The admirers had mostly filed out between games; no one drives hundreds of miles to watch Patrick Sandoval. That meant it was quiet enough for my muttered complaint about a light-hitting pitcher to reach an usher nearby. He'd sometimes drift over during the first game of the afternoon to ask how many hits the Tigers had (still just the one) or to grumble about Javy Báez's contract. He drifted over again and gave me a long, searching look. Maybe there was pity in his eyes, or maybe it was disgust. “The man just threw a complete game shutout!” he squawked. “What more do you want him to do?”

Well, true, the man had just thrown a 111-pitch one-hit shutout, the first time he’d pitched into the ninth inning in his MLB career. Where I usually watch Ohtani starts with a computer beside me, looking up the data like a nerd, chuckling at his eclectic pitch mixes, here I was just enjoying the analog experience of a pitcher mowing guys down. Some writers, tempted by the notion of cause and effect, might trace Ohtani's performance to the Angels making a real playoff push at the deadline this year. "I think we're making acquisitions to try and get us better and get us over that hump. I think us as players, we've just got to do our jobs," Ohtani told reporters after the Angels traded for Lucas Giolito and Reynaldo López. But I think the "fueled by front office belief" theory misunderstands Ohtani, who needs no motive to be excellent. He simply is this way, all the time. And though I did feel, after the usher's scolding, rather like the kids on My Super Sweet 16 who throw tantrums when they get the wrong kind of Mercedes, I wasn't wrong to imagine more. There is always more Shohei Ohtani can do.

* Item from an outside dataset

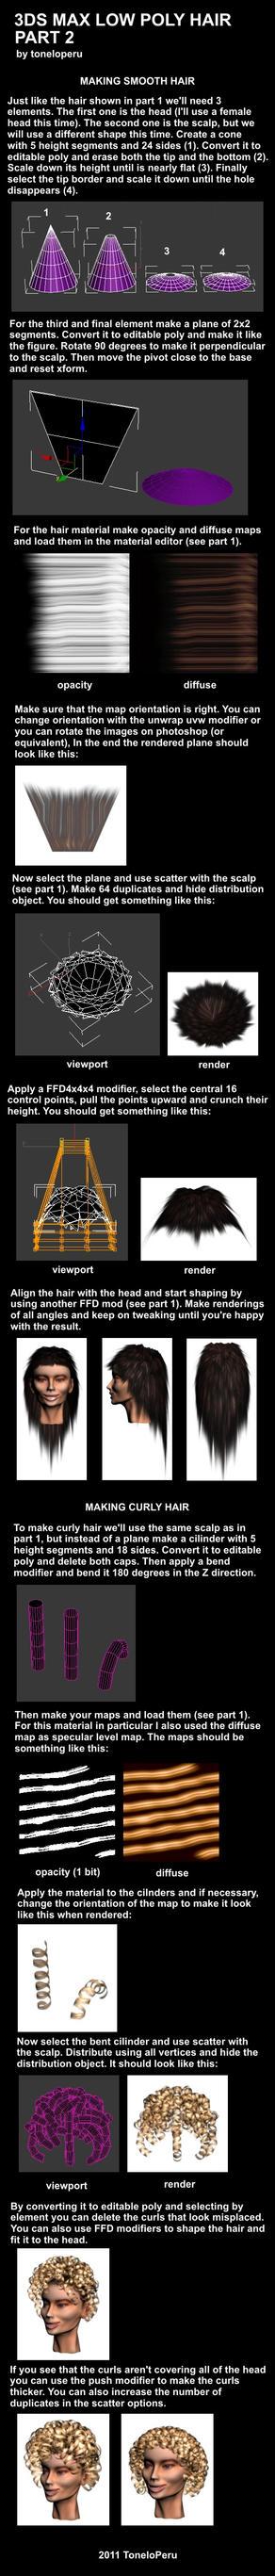 Low poly hair tutorial pt 2 by toneloperu

He can hit an opposite-field home run, exactly 79 minutes after he pitches the final out of a shutout:

And in his next at-bat, he can hit a second home run to the deepest part of the park, the loudest hit I've ever heard. It left his bat at 116.9 mph. Allegedly. If you ask me, that number is too low:

But what I've always considered Ohtani's superpower is the way his character can so eclipse the plot. I'd shown up to the games in a Tigers hat, written each pathetic Tiger out into my scorebook in extreme heat for six hours, and even I couldn't believe the humorless Macomb County Joes who called in to the radio station that evening to complain about the Tigers. The Tigers! The Tigers! Imagine, thought a person who spends every waking moment of her life thinking about the Tigers, thinking about the Tigers at a time like this! What were the Tigers anyway? On this day, they existed to flatter Ohtani, and they had done their job. They were the backdrop against which his perfect features could be drawn out. Tigers starter Matt Manning, who gave up both home runs, knew better than to think about the Tigers. "He probably had the greatest day of baseball that anybody’s ever seen today. It was incredible," he said. If anyone had a greater day at the ballpark than Shohei Ohtani, it was me.